Beluga Whale St. Lawrence Estuary population (Species at Risk) - effects of contaminants.
The St. Lawrence Estuary population of beluga whale is listed under SARA. The effects of contaminants on beluga, their key prey (as pathways of contaminants), and on sentinel species, is a priority for DFO. This knowledge will contribute to understanding if contaminants are linked to natal and post-natal mortality in this population, along with birth defects, which may ultimately contribute to the species decline.
Microplastics - effects on aquatic biota.
Microplastics are detected in diverse marine and freshwater environments, and there are growing concerns about uptake and potential effects in biota. Assessing the effects of microplastics on aquatic biota in the Canadian marine or freshwater environments, including Arctic ecosystems is a priority for DFO, including uptake of microplastics into biota, trophic transfer, physical effects, and toxicity of associated contaminants.
Biological effects of contaminants on Atlantic Salmon (early life exposure, impacts on adults/returns).
Contaminants are among the various anthropogenic factors that can influence the development of salmon smolts and survival in the marine environment. Exposure to contaminants in early life stages in freshwater and coastal environments may impact physiological development and endocrine control in Salmonids (i.e. reproductive and thyroid axes), which may ultimately influence adult survival and return rates. Assessing the effects of early life stage exposure on adults is a priority for DFO.
Flame retardant chemicals.
Flame retardant chemicals are used in textiles, electronics, building materials, and various other products and applications. They can be liberated from these products and enter the aquatic environment, where they can persist, bioaccumulate, and have toxic effects in biota.
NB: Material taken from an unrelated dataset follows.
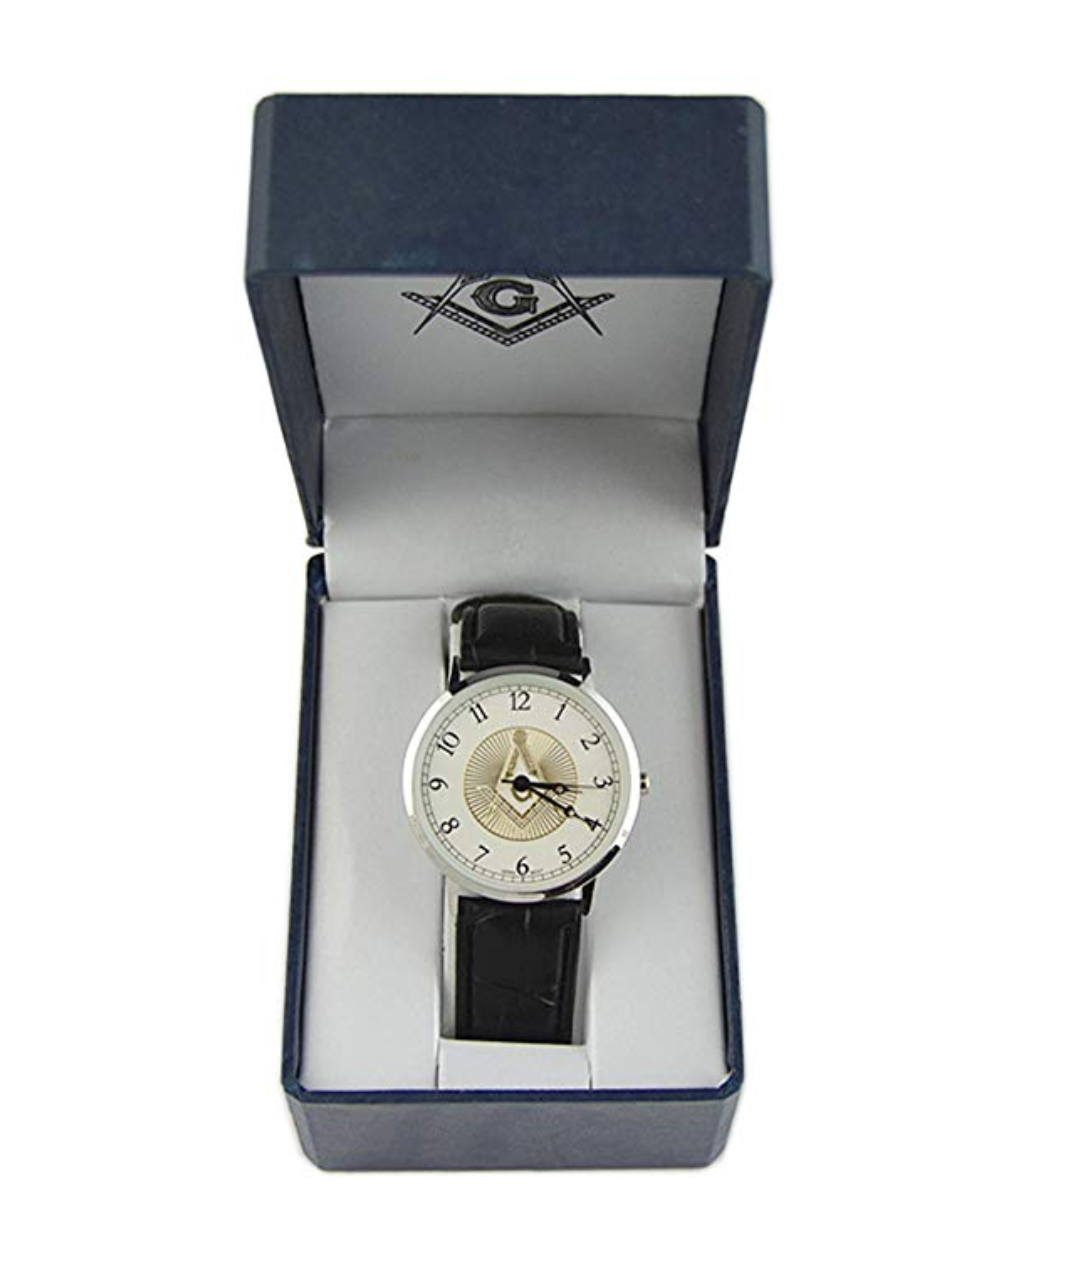 Freemason Watch Masonic Regalia Jewelry Black Leather Band Gold Compass & Square Gift Box

While certain flame retardants may be phased out of production, they can persist in the environment and may undergo conversion to other toxic forms. Understanding potential effects of past and current-use products, as well as proposed replacement products is a priority for DFO.
Perfluorooctane Sulfonate (PFOS)
PFOS is a synthetic chemical historically used as a surfactant/repellent in various products and applications; it is sometimes detected at sites associated with transportation and defense activities. Given that PFOS is detected in high Arctic aquatic and terrestrial biota and can have toxic effects, assessing the bioaccumulation / biomagnification and toxicity risks to upper trophic levels in the aquatic environment is a priority for DFO.